Windows 10 Creators Update: New accessibility features revealed, including braille support

Early next year, Microsoft will release the Windows 10 Creators Update, a major 'Service Pack'-style collection of new features and improvements, following on from the Anniversary Update that was released this summer. Microsoft has already highlighted some of the changes to the communications experience and new gaming features that will arrive with that update. Other enhancements will include a new UI for sharing content, along with integrated virtual reality support through the Windows Holographic shell.

Today, Microsoft announced details of how it will improve accessibility features in Windows 10, in an effort to ensure that the OS can be comfortably used by as wide a range of users as possible.

Microsoft said today that it has established "three companywide guiding principles" for all of its future product development:

  • Transparency, to commit to sharing our plans to ensure that Microsoft’s products are accessible.
  • Accountability, for prioritizing inclusive design and accessibility in the creation of our products and services.
  • Inclusivity, in order to keep all of our customers and their abilities top of mind.

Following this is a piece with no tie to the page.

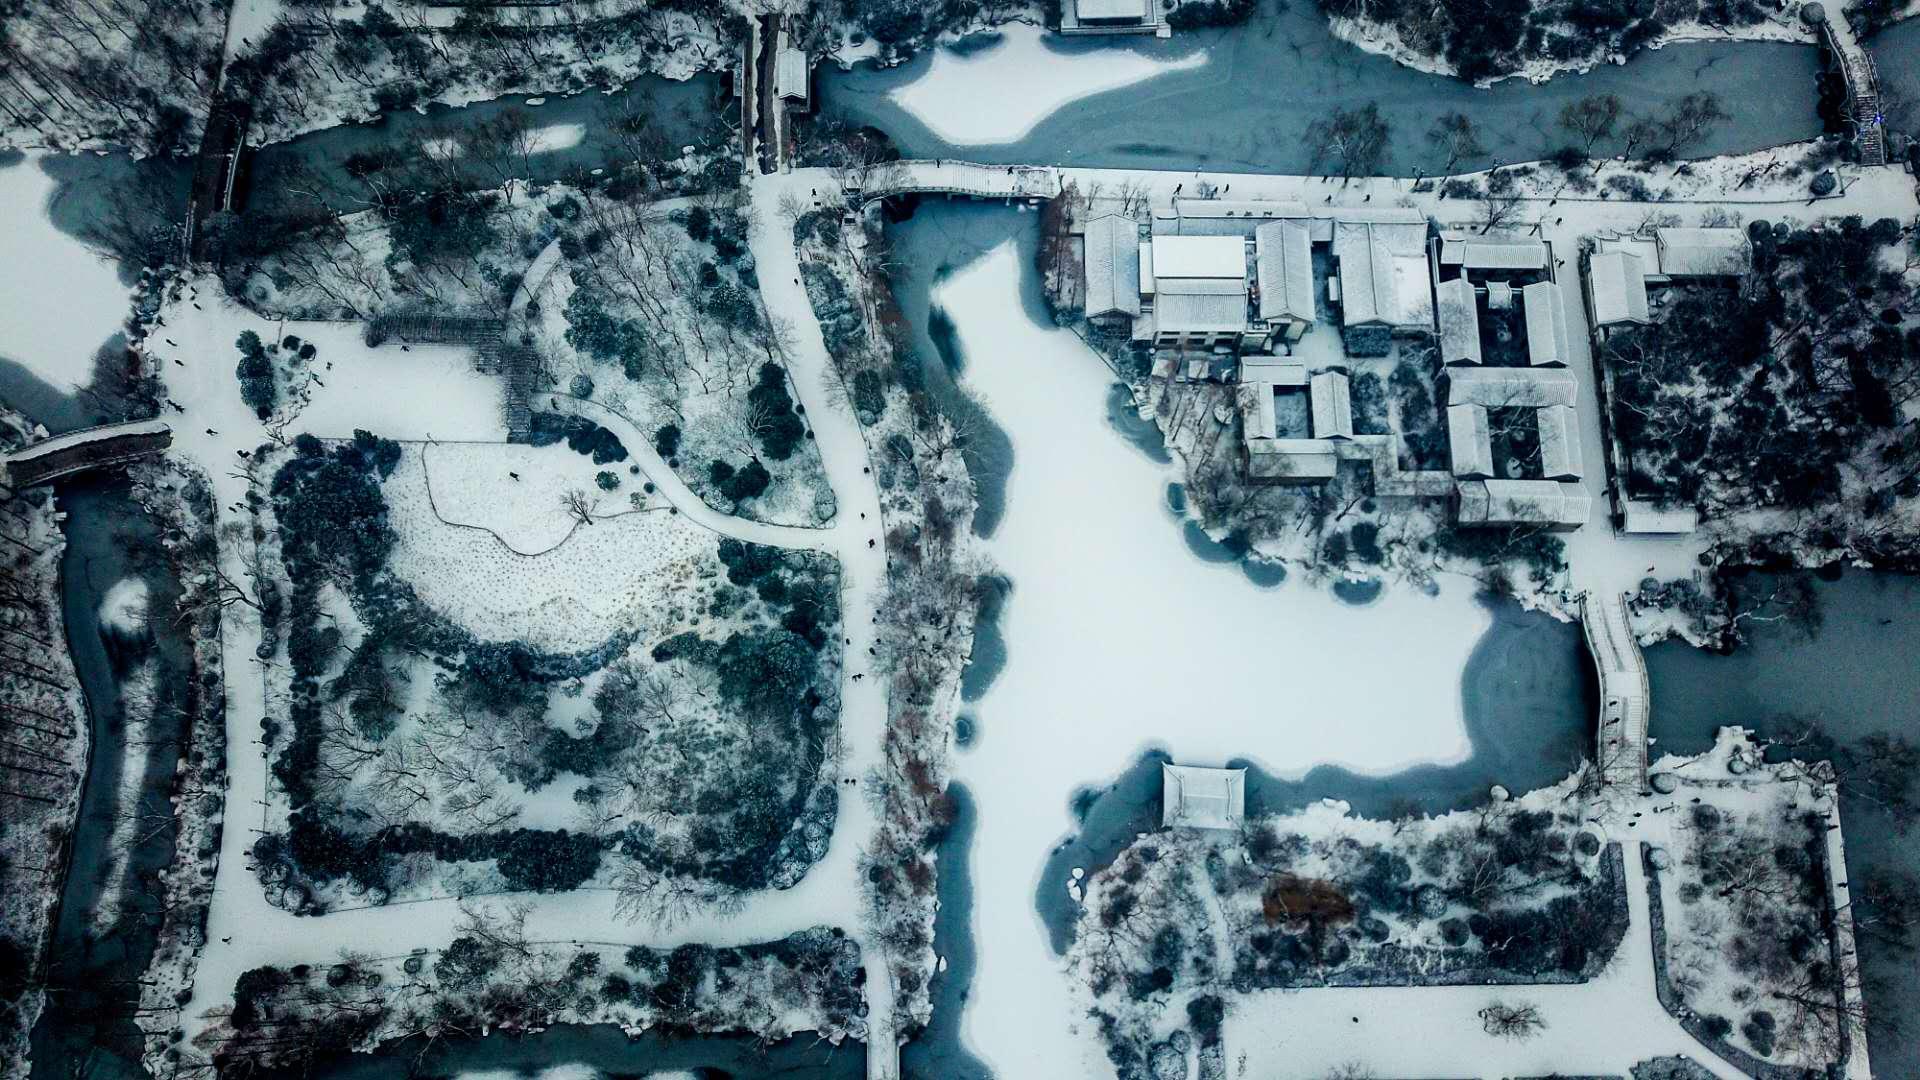 最美山东丨航拍雪后大明湖银装素裹 犹如泼墨山水画
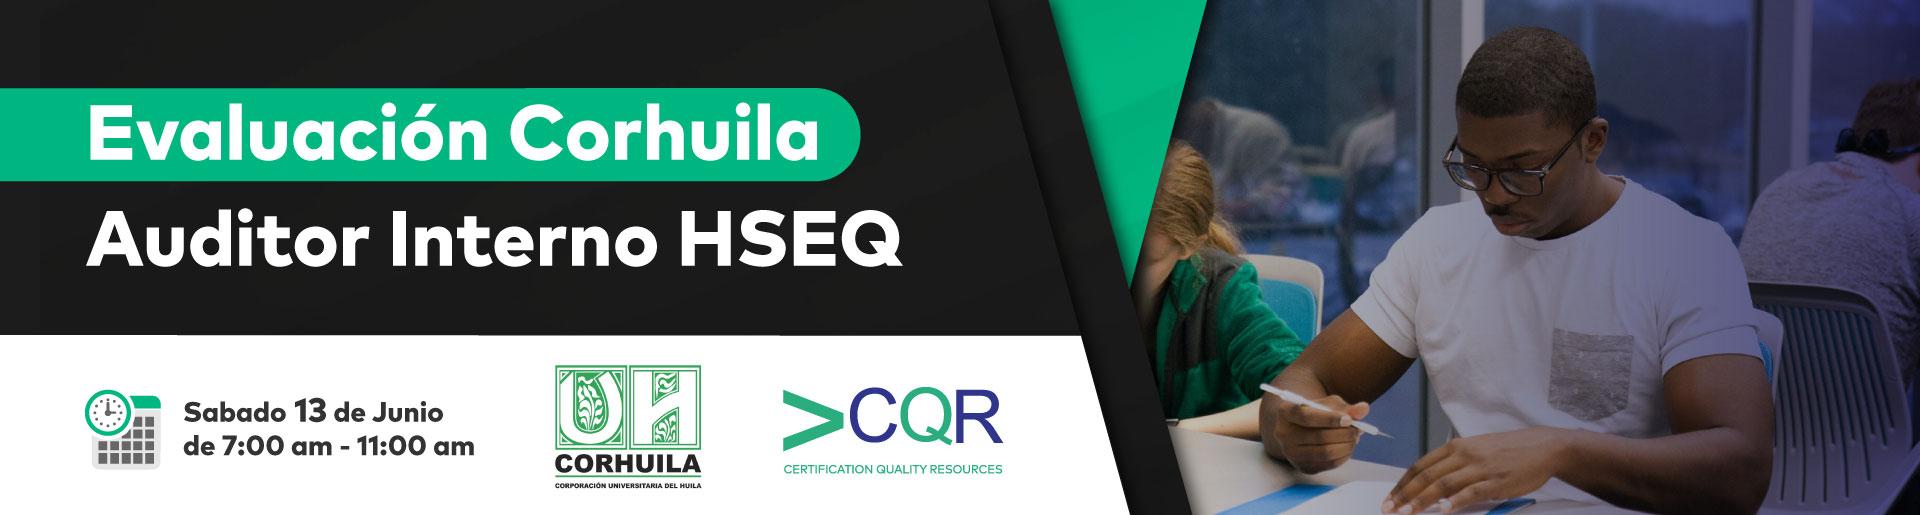 Evaluación Auditores Internos HSEQ Corhuila

In pursuit of those goals, the company will be making numerous additions and improvements to Windows 10 with the Creators Update. One of the most significant new additions will be support for braille in the Windows 10 Narrator feature. The Creators Update will include beta support for braille input and output through specialized braille displays "from over 35 manufacturers, using more than 40 languages and multiple braille variants, including grade 2 contracted braille."

It's also adding the ability to use a controller to handle Narrator interactions on Xbox One consoles, including pitch and speed adjustments for the Narrator voice.

Other highlights include:

  • Unassisted installation: Users will soon be able to install the Windows 10 Creators Update using Narrator throughout the installation process, including from within Windows RE/PE for setup & troubleshooting.
  • New way to launch Narrator: We have changed the quick keys used to launch Narrator to address feedback from many Windows 10 users. Users can now launch Narrator by clicking CTRL + WIN + ENTER. WIN + ENTER no longer launches Narrator. Users can still launch Narrator from Cortana or from the Settings Window.
  • New text to speech voices and capabilities: We are adding more than 10 new voices. In addition, there will be Narrator support for multilingual reading, so that Narrator seamlessly switches between languages when you have the corresponding voices installed.
  • Improved audio experiences: We implemented dynamic ducking, so Narrator will only reduce the volume of other applications like Groove or Pandora when it is speaking. The handshake between Narrator and Cortana is also improved, so Cortana won’t transcribe what Narrator (or other screen readers) is speaking.
  • More general reliability and usability improvements: We added features to make it easier to understand the context of a control with which you are interacting and to make it possible to discover information about objects like the background color of a table cell. Narrator will remember and maintain your mode, e.g. scan mode, across applications. Narrator cursor positioning improvements include stopping and starting where you expect when reading in scan mode and when reading by line, paragraph and in continuous reading.
  • Easier web browsing with Edge: Narrator responsiveness is improved with Edge and several new features have been added, including the ability to jump directly to a form element like a check box, text field or button, and the ability to navigate by heading level.

Some of these features are already built into Insider Preview builds of the Creators Update, but others will be coming in early 2017, before the update eventually begins rolling out a few months into the year.

Microsoft also detailed some of the accessibility improvements that will be coming to Office 365 early next year, promising "to empower [users] to consume, create and collaborate on content independently, efficiently and confidently." These features include:

  • Built-in controls for authoring accessible content: We will be introducing more accessible templates to help you get started, making it easy to insert alternative text descriptions for images and meaningful display names for hyperlinks as well as making the accessibility checker available in more Office applications. Watch this short accessible authoring demonstration to learn more about these capabilities.
  • Built-in controls for personalizing reading experiences: Inspired by the profound impact the introduction of Learning Tools for OneNote has had in classrooms and are making these tools to promote concentration and comprehension available in more Office applications. Settings to read text aloud with simultaneous highlighting, increase text spacing and break words into syllables are already rolling out in Word for PCs to Office Insider and First Release program members and are coming next to Word Online and OneNote Online. Watch this short Learning Tools demonstration to learn more about these capabilities.
  • Support for creating professional, polished content with assistive technologies: Making it easy to use new cloud-powered, intelligent services in Office applications with assistive technologies such as screen readers and alternative keyboards. Services such as Designer in PowerPoint, Researcher and Editor in Word can reduce the effort you spend on tasks such as formatting, citing and proofing your work and let you focus on refining the ideas you’d like to communicate.

Microsoft's announcements today follow a commitment from its CEO, Satya Nadella, a year ago to put accessibility and assistive technologies at the heart of everything that the company does. He said:

As I think about living our mission, top of mind for me heading into 2016 is how we must make Microsoft products accessible to the more than 1 billion people globally of all abilities. This is a shared goal. Universal design is central to how we realize our mission and will make all our products better. Along with our Senior Leadership Team, I will continue to devote my time and passion to this priority.

Microsoft's Jenny Lay-Flurrie, the company's Chief Accessibility Officer, said today that it's "thrilled to see the impact that technology is having on our customers", and that the firm is focused on keeping up that momentum in the year ahead.